From 1893, Gustave Loiseau exhibited at the Salon des Indépendants in Paris and he exhibited works at the Impressionist exhibitions of 1890 and 1896. This piece was painted just a few years after, when Loiseau was really coming into his own as an artist, moving away from a pure form of Impressionism and moving toward his ‘en trellis’ or cross-hatching which gives his paintings the supple, almost touchable quality he is known for.

It is a testament to the great quality of this work that it remained in the Durand- Ruel family until the early 1970s. Paul Durand-Ruel, the leading art collector and primary patron of the Impressionists, had put Loiseau under his contract in 1894. This success enabled the artist to travel extensively to discover different regions of France, spending summers in places such as Normandy, Brittany, and the Dordogne, and returning in winter to the Isle-de-France. His paintings are faithful witnesses of his travels. Painted in 1901, this work is from the same year of Loiseau’s first one-man show at the Galerie Durand-Ruel in Paris.

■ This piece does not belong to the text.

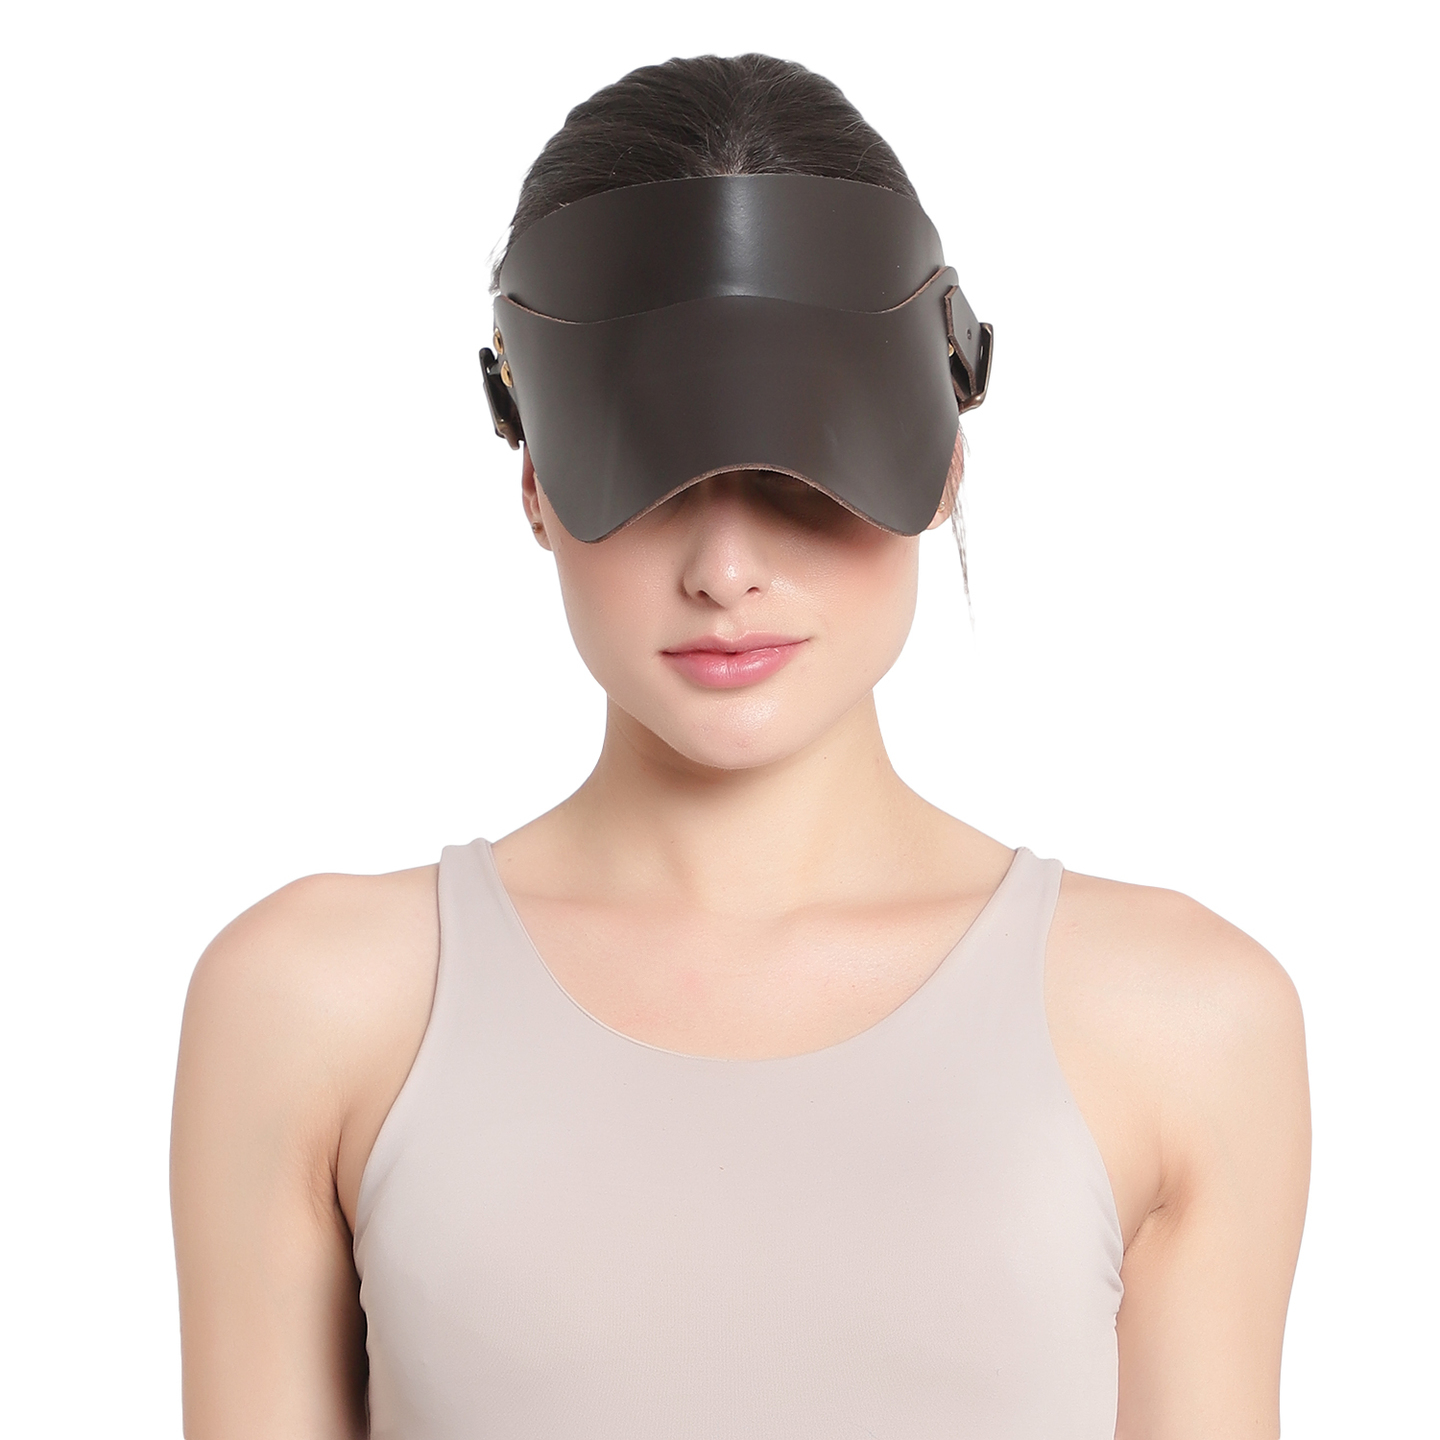 Panashe Isola Leather Visor Cap  Brown for sports like shooting, archery, golf, tennis,outdoors, travelling etc ideal for eyes and face protection with shade from harsh sunlight and bright lights.

Gustave Loiseau’s parents were butcher shop owners who moved to Paris after he was born. Gustave became an apprentice to a decorator friend of the family and his parents, recognizing that he was unlikely to change his mind about his future sold their business and retired to Pontoise. Pontoise near Paris was important in French painting at the time, having been extensively depicted by Pissarro and Cezanne.

In 1887 Loiseau’s inheritance from his grandmother enabled him to give up his job and devote his life to painting. Moving to Montmartre, he enrolled for one year at the École des Arts-Décoratifs to study life-drawing, until an argument with his teacher prompted him to withdrhaw. Departing from the École des Arts-Décoratifs, he reconnected with painter Fernand Just Quignon, whose apartment Loiseau worked as a decorator. He then became a pupil in Quignon’s studio. In 1890 he befriended the myriad of artists now known as the Pont-Aven School, most importantly Paul Gauguin, as well as Maxime Maufra and Emile Bernard. This school focused on bold usages of colour and the painting of Symbolist subjects.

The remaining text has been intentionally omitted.